• YOUR INSTRUCTIONS: Verbatim copy without images: return all of the data as it stands.

• INFORMATION SHOWN:
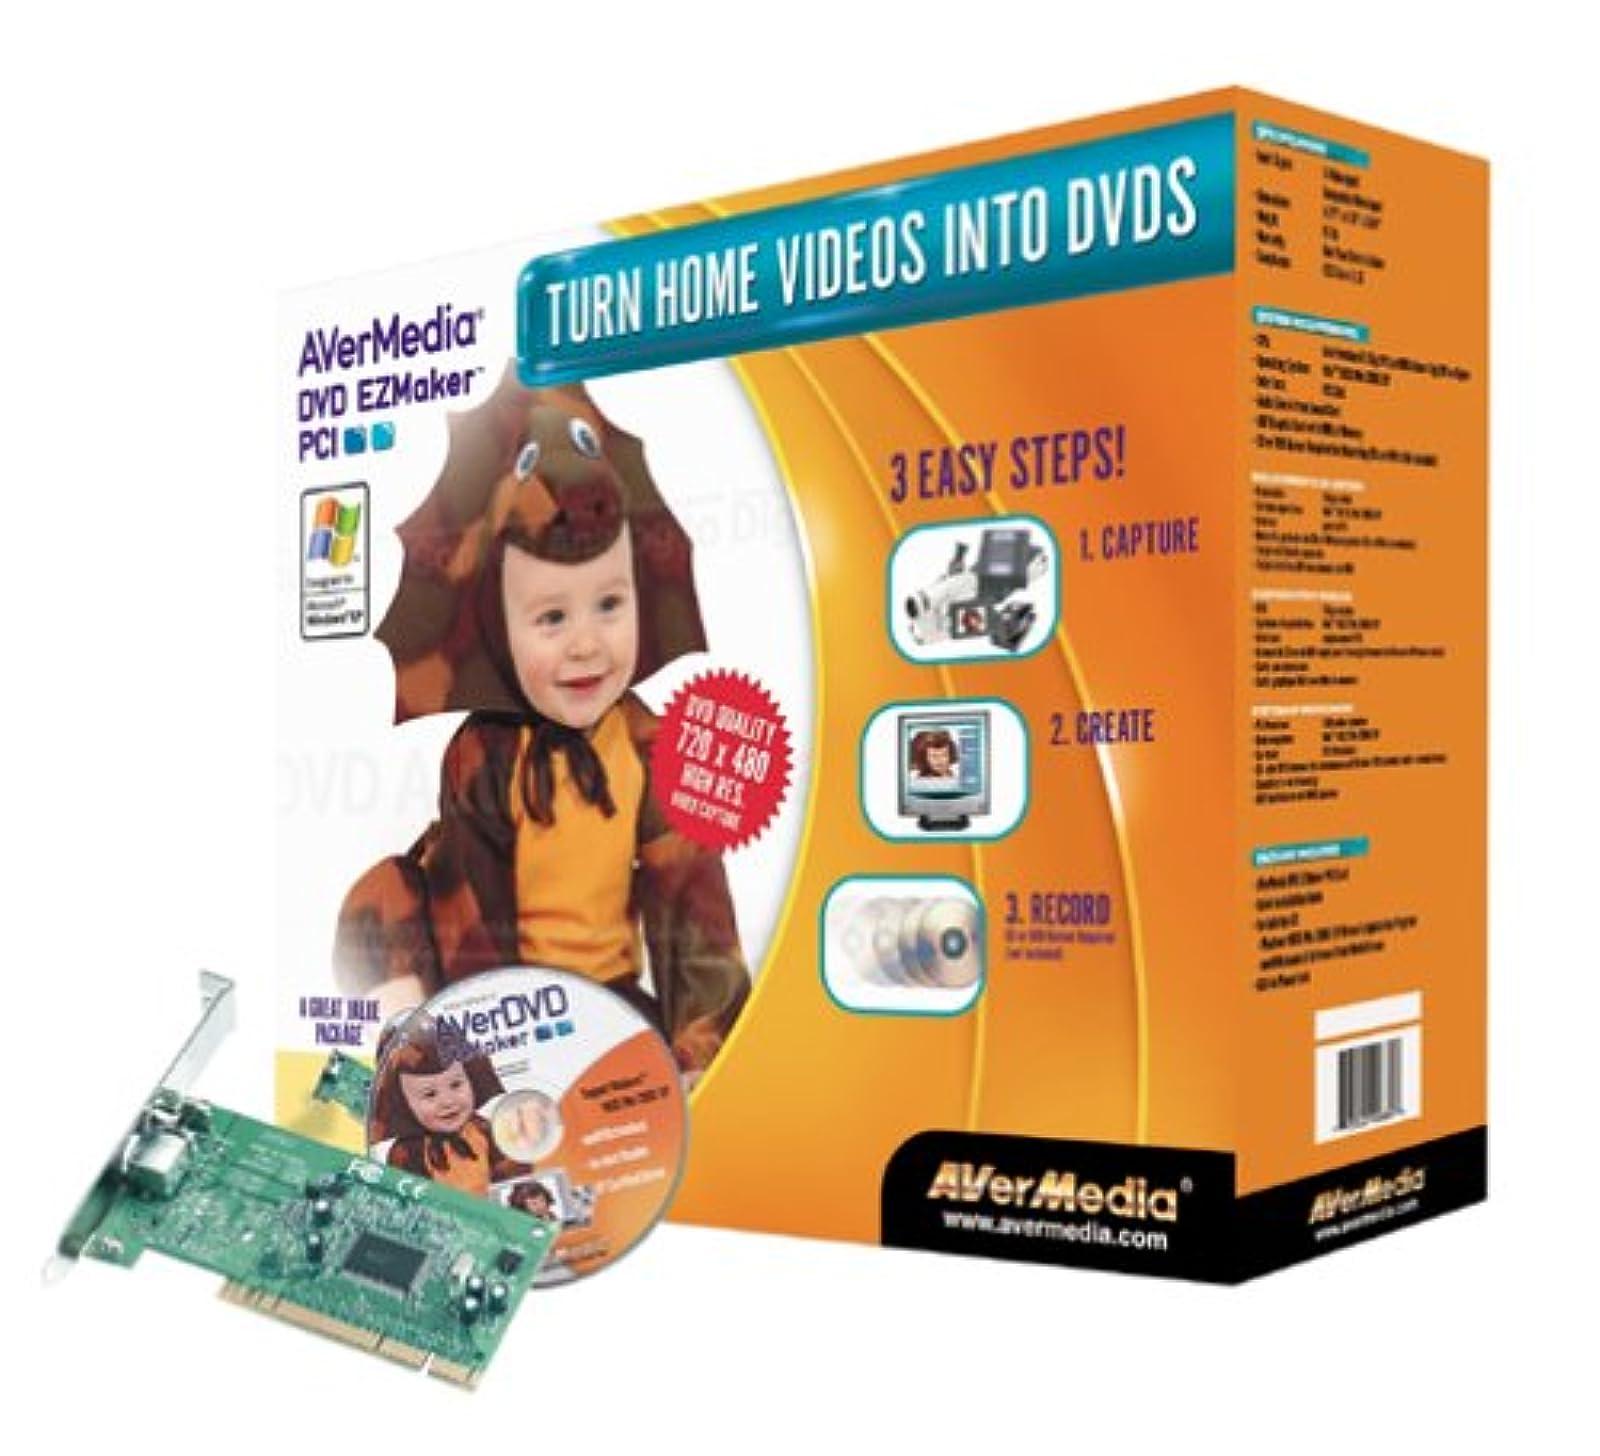 Avermedia Ezmaker DVD PCI Software Video KEE257
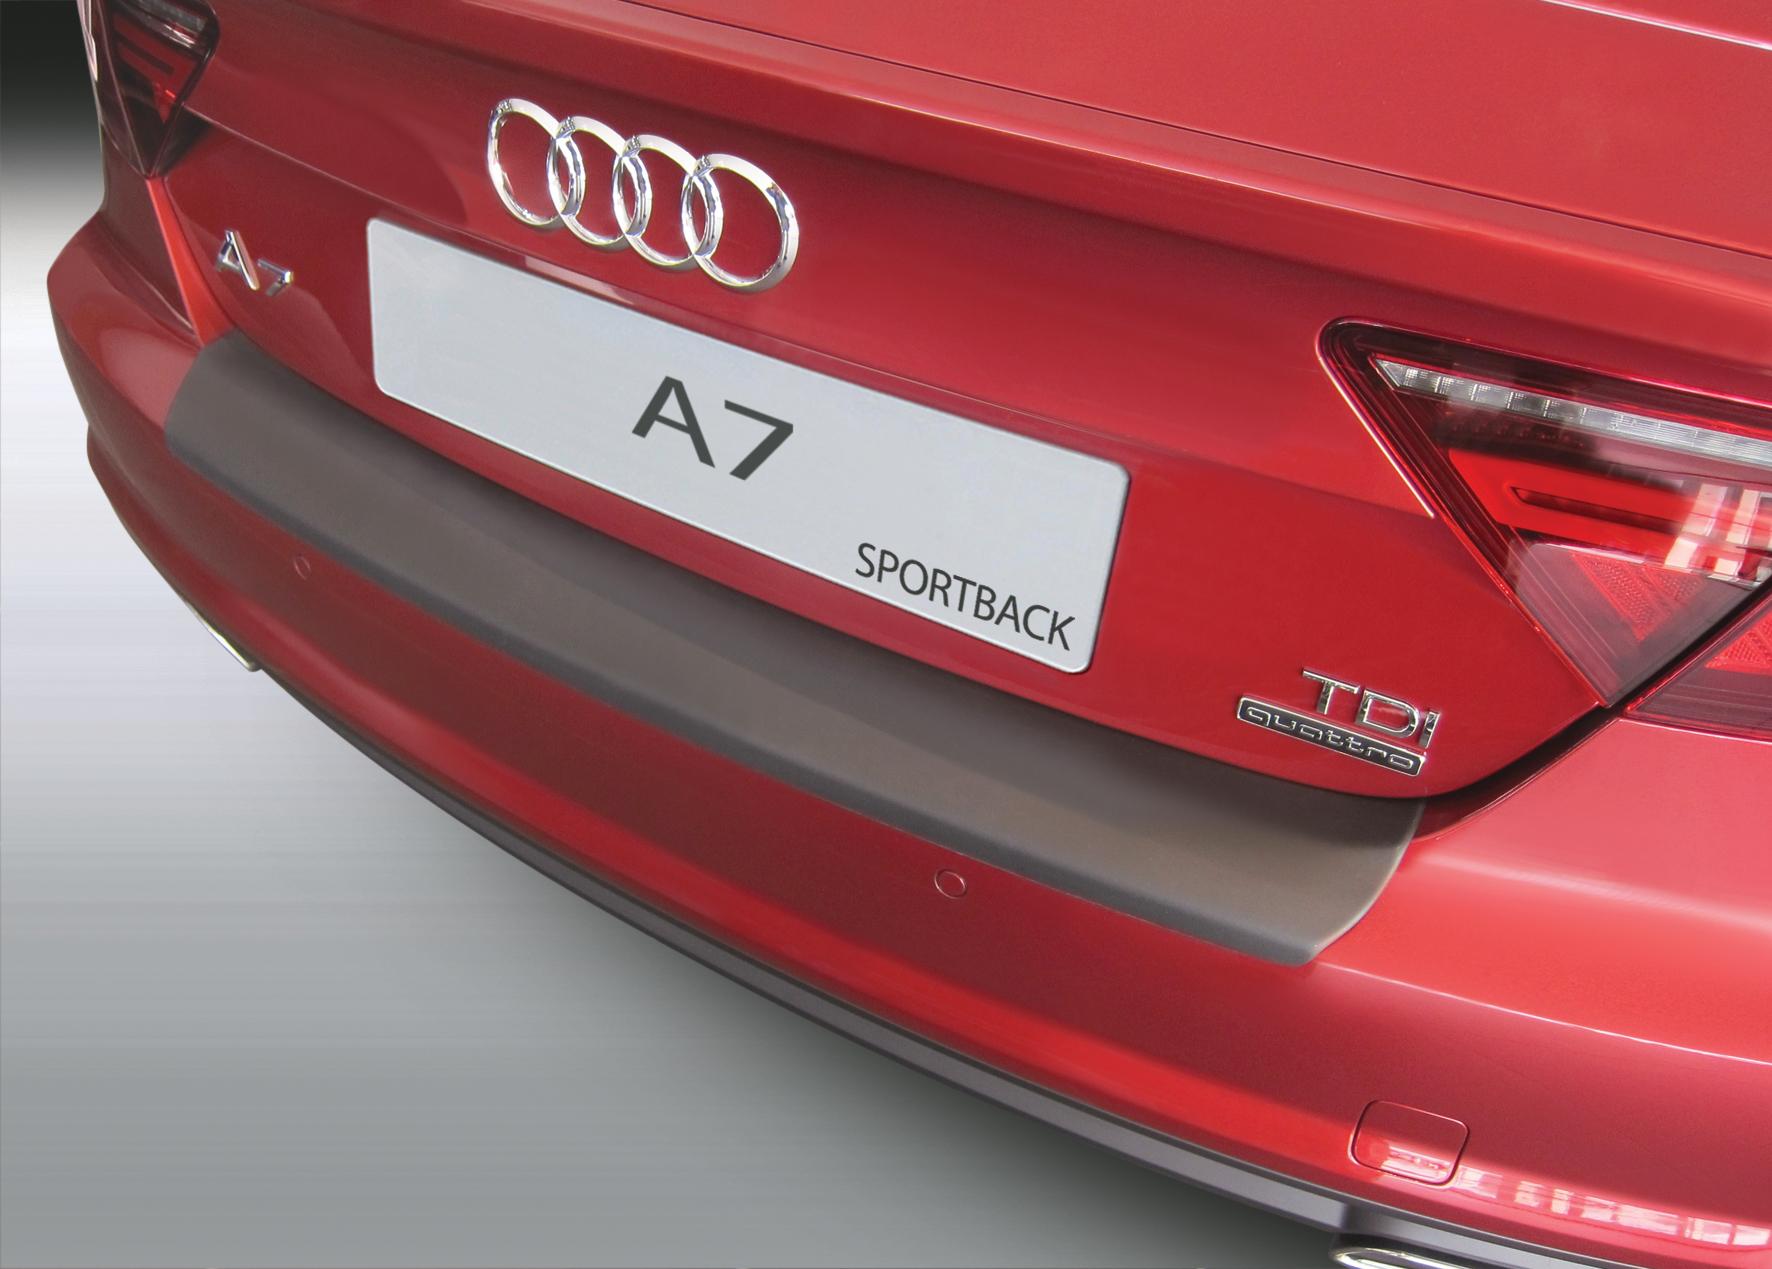 Накладка на задний бампер Audi A7, лифтбек, 2016-2018
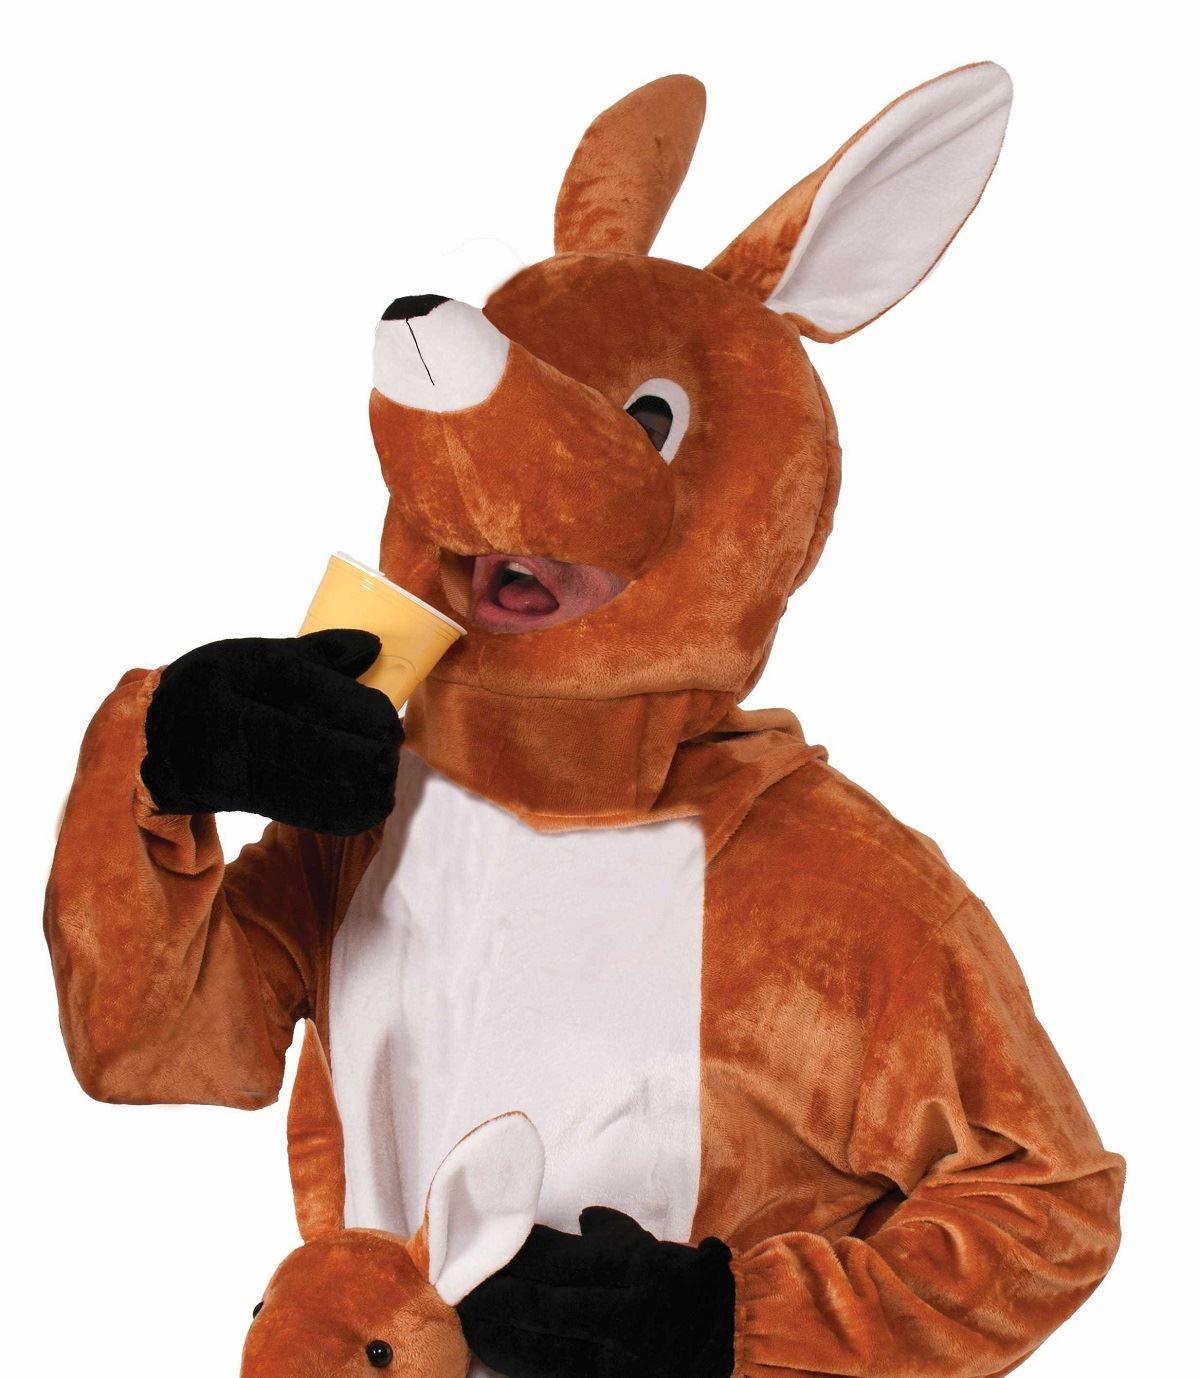 ... Adult Jumpin Jenny The Kangaroo Mascot Costume  sc 1 st  The Costume Land & Adult Jumpin Jenny The Kangaroo Mascot Costume | $61.99 | The ...
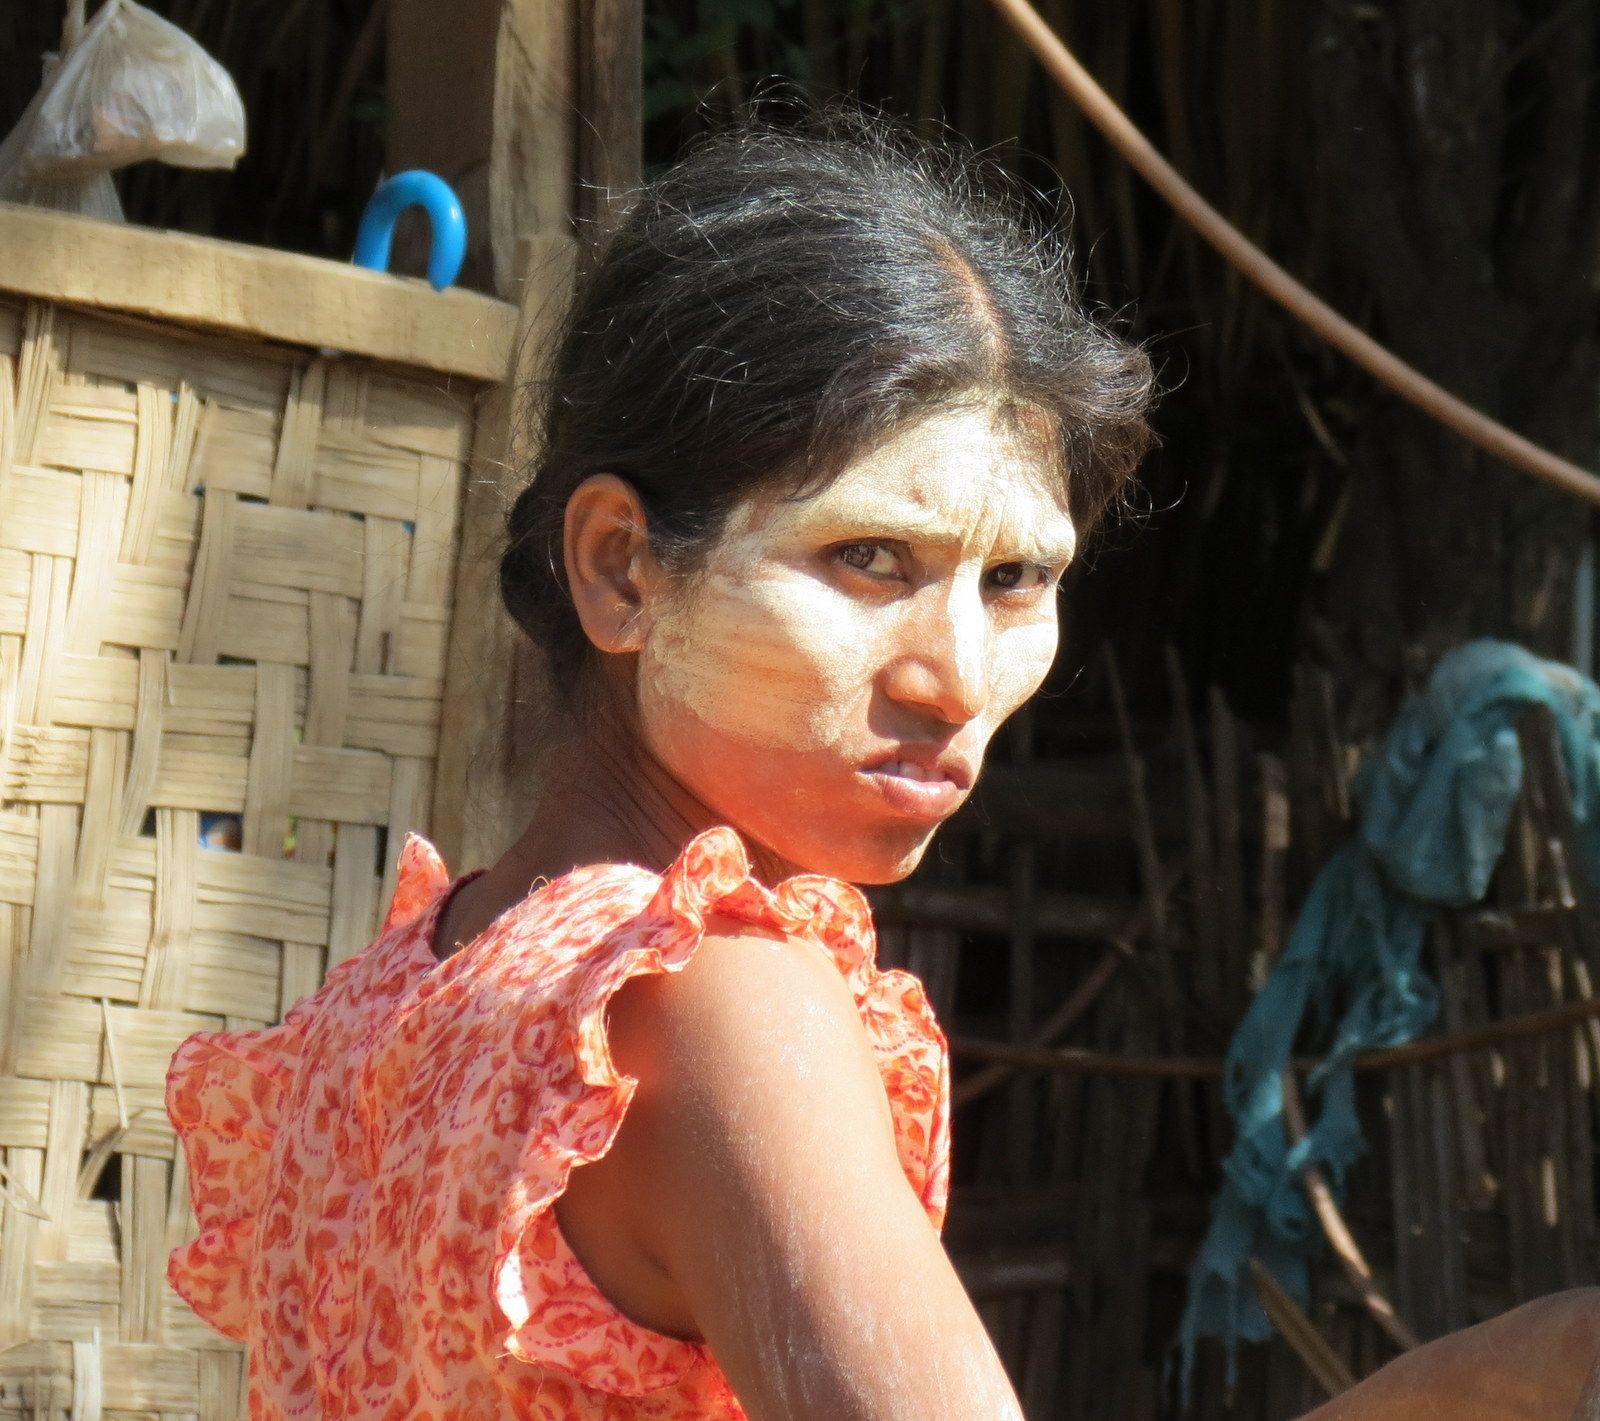 Burmese woman looking back #burma #myanmar #travel #travelphotography

• RESULT FOR THIS EXERCISE:
 Avermedia Ezmaker DVD PCI Software Video KEE257
 Накладка на задний бампер Audi A7, лифтбек, 2016-2018
 ... Adult Jumpin Jenny The Kangaroo Mascot Costume  sc 1 st  The Costume Land & Adult Jumpin Jenny The Kangaroo Mascot Costume | $61.99 | The ...
 Burmese woman looking back #burma #myanmar #travel #travelphotography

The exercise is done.